Have you ever noticed that some of your best ideas are not being well received? They look great on paper, but somehow you are having a hard time getting your boss or co-workers to support your endeavors. You may find yourself in a position at work where it seems like the tasks you need to be completed by others are at the bottom of their to-do list. Does this mean you’ve become some kind of social piranha at the workplace? Absolutely not. It means you have to look at that old catch phrase; “It’s not what you say but how you say it.”Keys to Effective Communication
While researching communication techniques, I came across an article written by Amy Hertz for Oprah.com in November 2007 called “How to Get What You Want from Anyone.” Hertz discusses her own struggle with communication skills at the workplace and reveals that her epiphany came when she worked with communication coach, John Artise. After extensive research and field work with thousands of people, he identified four major communication types: Feelers, Sensors, Intuitors, and Thinkers. Artise teaches his clients to tune into a person’s communication style to identify ways to promote collaboration in the workplace. Cooperation/teamwork?
Here are some characteristics and communication tips for each style:
• Feelers: The person who uses language to express themselves and loves to help others. The feelers look for empathy to be reciprocated by acknowledging challenges he/she may have. At the same time they like to be reminded of their ability to help people in difficult situations. When you strike a balance of asking for help and at the same time showing appreciation, the feeler will be happy to assist you.
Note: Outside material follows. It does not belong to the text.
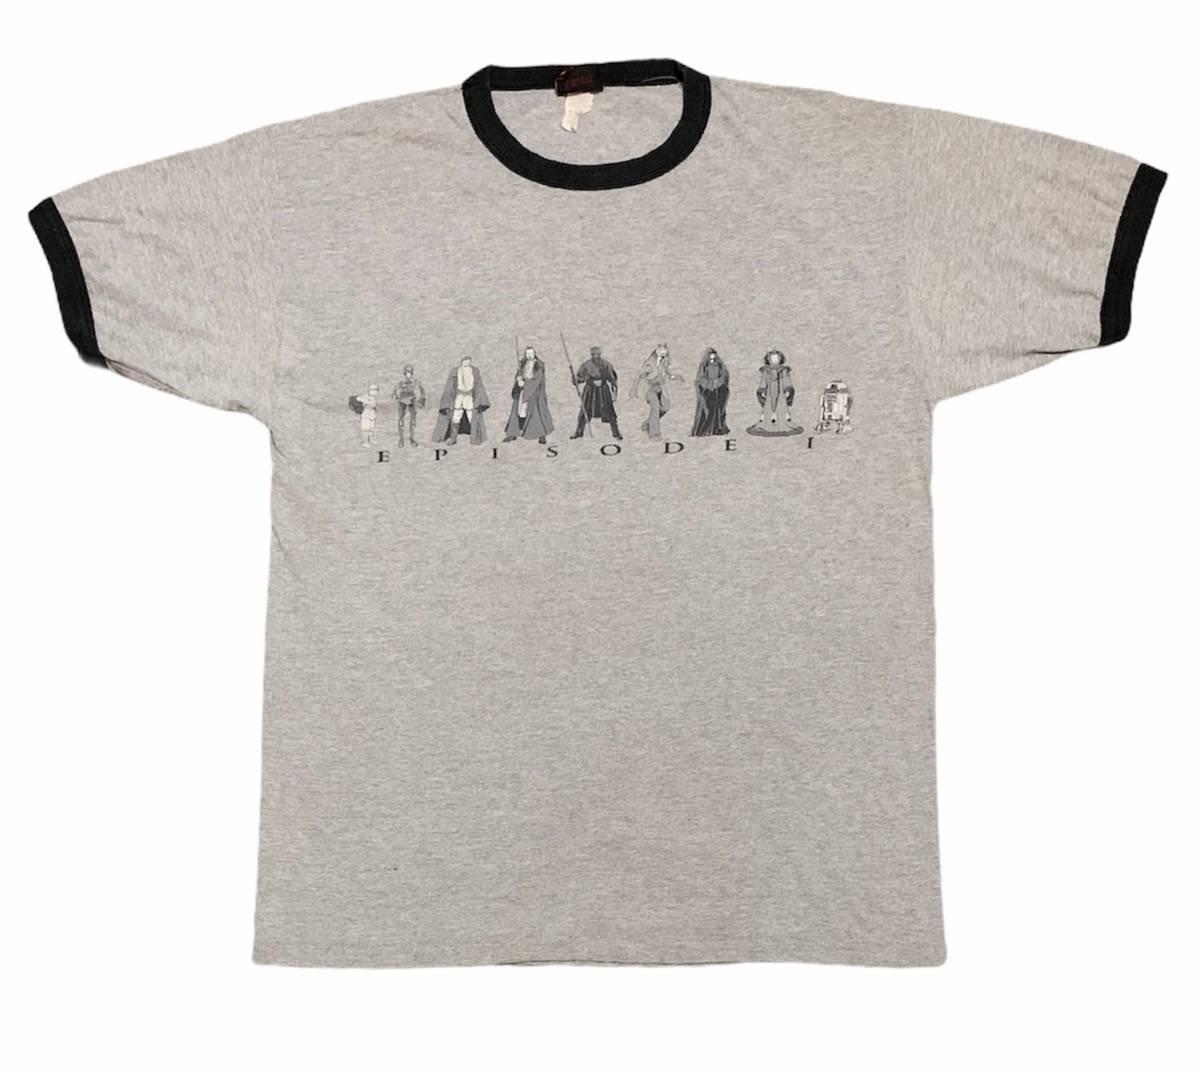 Vintage raree 1990 starwars character all overprint movie shirt
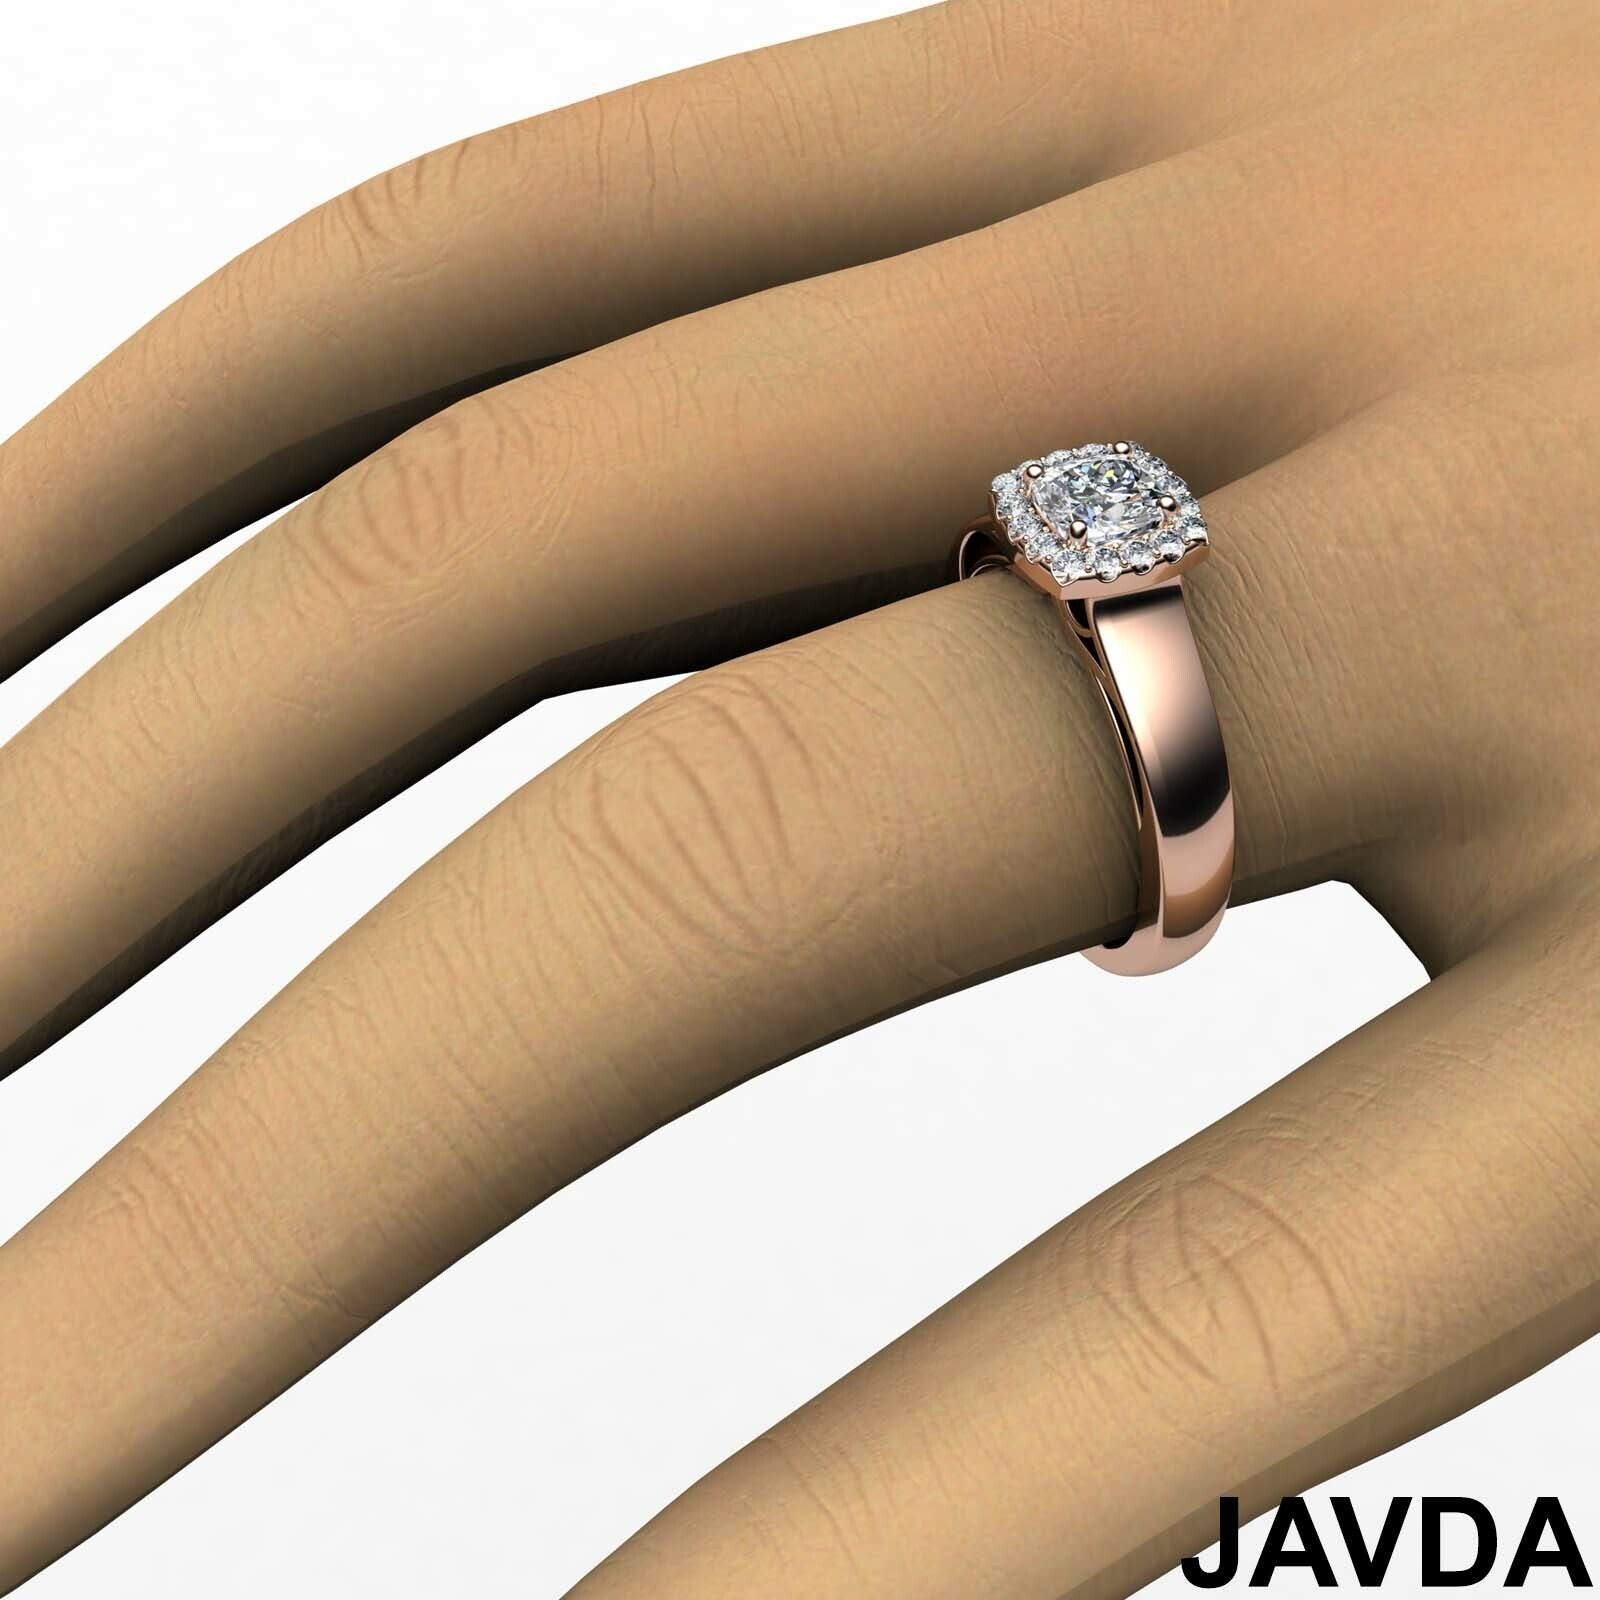 Filigree Shank U Cut Prong Cushion Diamond Engagement GIA H Color VS1 Ring 0.7Ct 11

• Sensors: The person who likes to get it done and get it done fast. They often have short attention spans because they are thinking about the deadline at all times. Before approaching a sensor, have the information you want to share condensed into small pieces that can be understood quickly. Any idea you present should give them a feeling that you can help them reduce their workload.
• Thinkers: The person who is very logical, organized, and loves completing tasks. When there are errors in any projects or plans, you can win them over by letting them know that you will help to fix them. Thinkers like to see preciseness in the way others approach their research.
• Intuitors: The person who is all the about looking at the big picture concepts and the future but don’t necessarily want to be part of implementation. They are the idea people who want you to fill in the details because the idea is very clear in their own mind. Known to be impatient with questions, you should let the intuitor talk about ideas at length before questioning them. Then emphasize what you like about the ideas in order to get more details.
It’s not about using persuasion to get people to collaborate with you; it’s about meeting them where they are and building compromise by tapping into their communication and working style.